As much as you feel selfish for demanding all of these things happen so you are able to rest, over time she came to realise that, it’s ok to be selfish. Sometimes you have to be selfish to be safe. A hard pill to swallow for her as she can’t stand selfishness. She has always been told by her doctor that having CF is like breathing through a broken straw. That’s what her lungs are like…….Hmmm……Enough of negative thoughts!…..Let’s breathe in some positivity!

That small bit of happiness and the grateful feeling you get from appreciating the small things in life makes even the darkest things a joy! If you are having a bad day, who is the angel looking after you or checking in? If you can’t go out when your friends can, get that much needed beauty sleep. If you feel life is unfair for you, or you don’t have the money to buy that new dress you like, remember the times you’ve bought that type of stuff before, or that you have a roof over your head, a family & food. Every day you wake up it’s really is ok if the only thing you did was breathe. Notice it, be grateful for it and cherish it. You never know which may be your last.

She loves routine.
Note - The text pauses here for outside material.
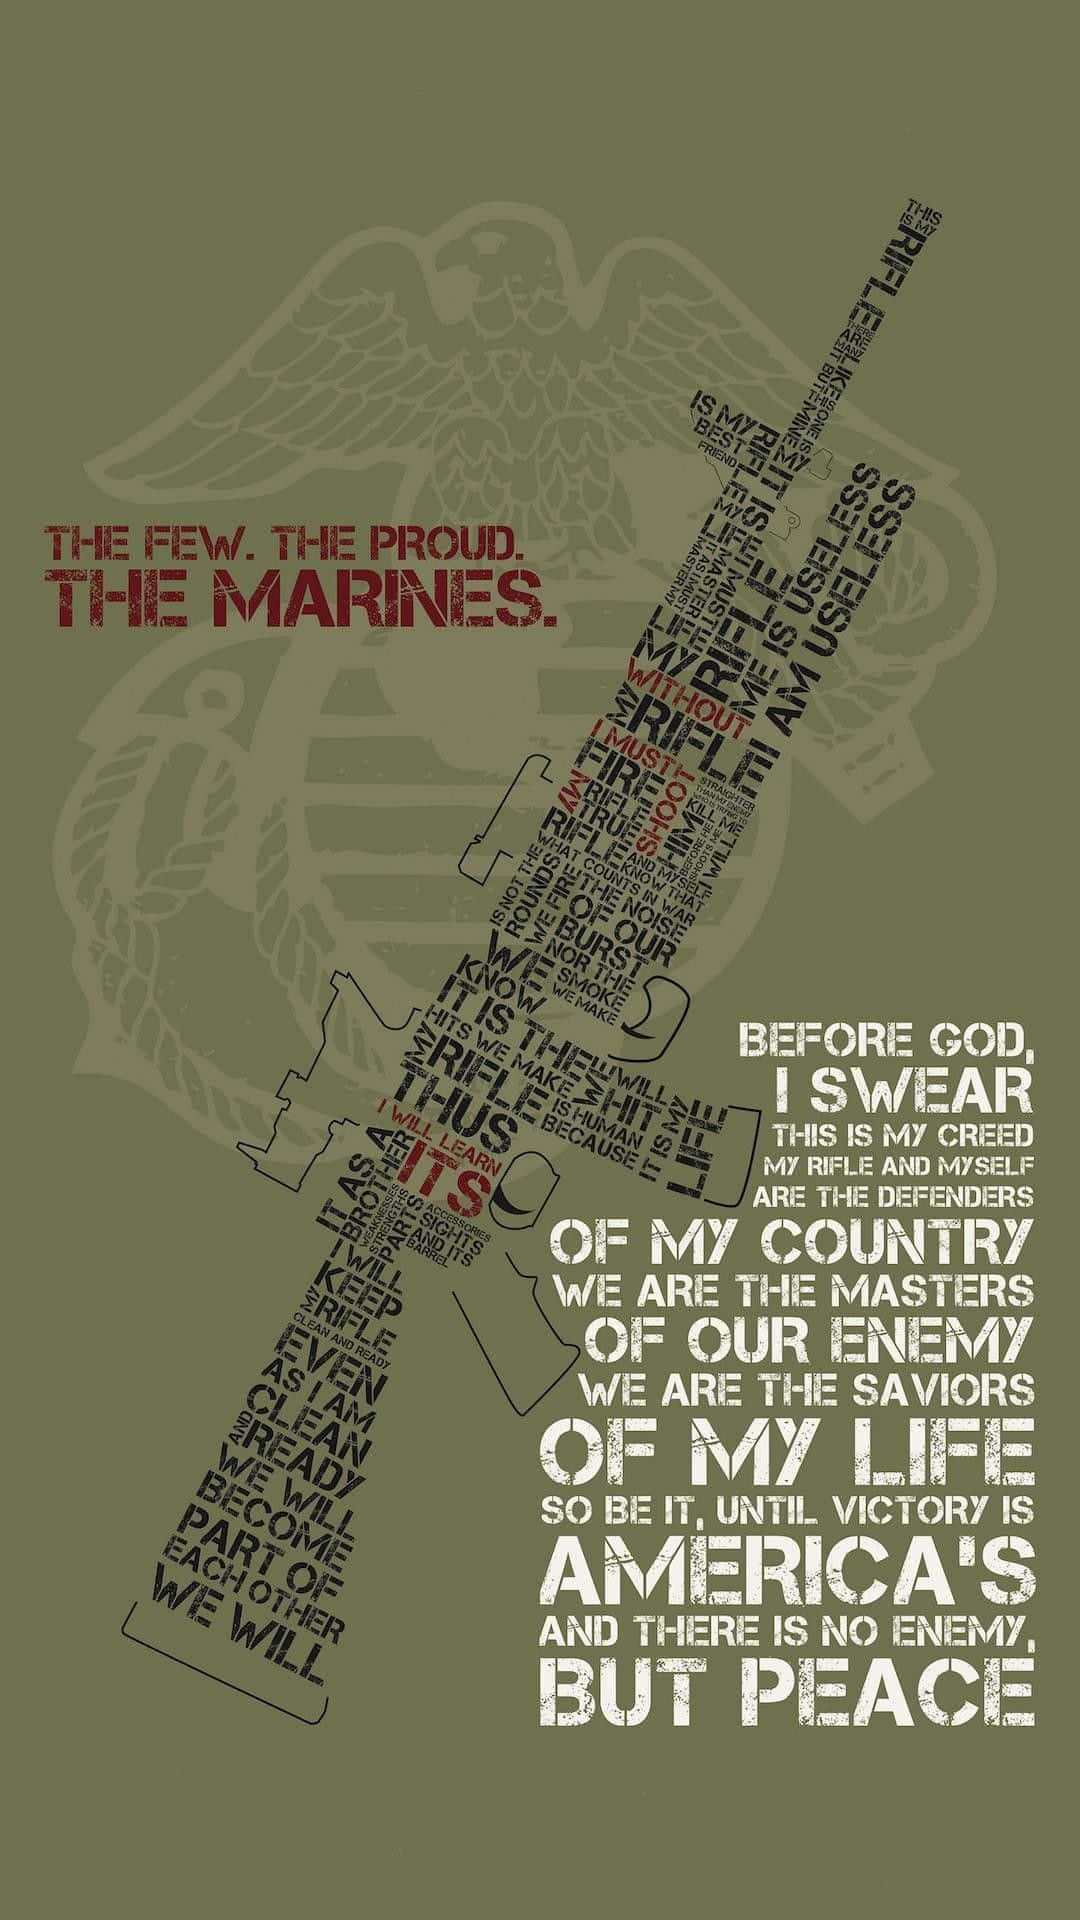 Fuerza,valentía Y Honor: Los Valores Del Cuerpo De Marines De Los Estados Unidos. Fondo de pantalla

However the point she’s trying to make is that you shouldn’t let CF and a routine define your day, week, year or life, instead just help you plan it. A routine is there to allow you to keep organised while you do all you want to do. She does roughly 3-4 hours of treatments each day, split between morning and night, which vary from nebulisers, airway clearance, 50+ tablets, injections and physio.

Her morning routine has been pretty much the same for over 10 years now. It goes like this: Wake up, Inject the correct amount of insulin for breakfast that day, Do her nebuliser (Dornase Alpha 5-10mins), Have the same thing for breakfast each day as she knows exactly how her body handles it, Do Acapella (physio) for about 35-40 mins and usually 140 breaths at various depths and strength, Do her antibiotic nebuliser (Colomycin 15 mins), 4 Puffs of inhaler, Sterilize all of the above ready to be used that night, worry about climbing up the stairs to try and get ready and continue her day.

When she was little, her psychologist told her to write down, even draw in her mind, and with it her feelings will come out. It became a problem because she hid behind the paper and the little book that no-one knew existed. Any time she had an issue, it would go into the book and she’d bottle it up. This made relationships with people very difficult.

Only recently has she been able to overcome that. Her use of social media has expanded beyond Instagram and Youtube, allowing her to express her emotions. This month she started a groundbreaking drug, which she felt changed her body within 2 hours of taking it. This fills the CF community with hope. She enjoys helping other families to adapt and learn what to expect from CF, through the media, especially showing people her journey with Kaftrio the new drug.

It can be an isolated world sometimes, but always know that you are never alone. Whether you are the one helping or the one needing it, there’s always someone willing to offer you the support you need or take the support you give. You just have to find them.

For you, MATILDA- It’s a daily struggle being in pain on the inside while you look fine on the outside! You are given this life MATILDA because you’re strong enough to live it!

GUYS! THE STRONGEST PEOPLE are not those who show strength in front of us but THOSE LIKE ……”MATILDA”……. WHO WIN BATTLES………….. WE KNOW NOTHING ABOUT……………EVERYDAY!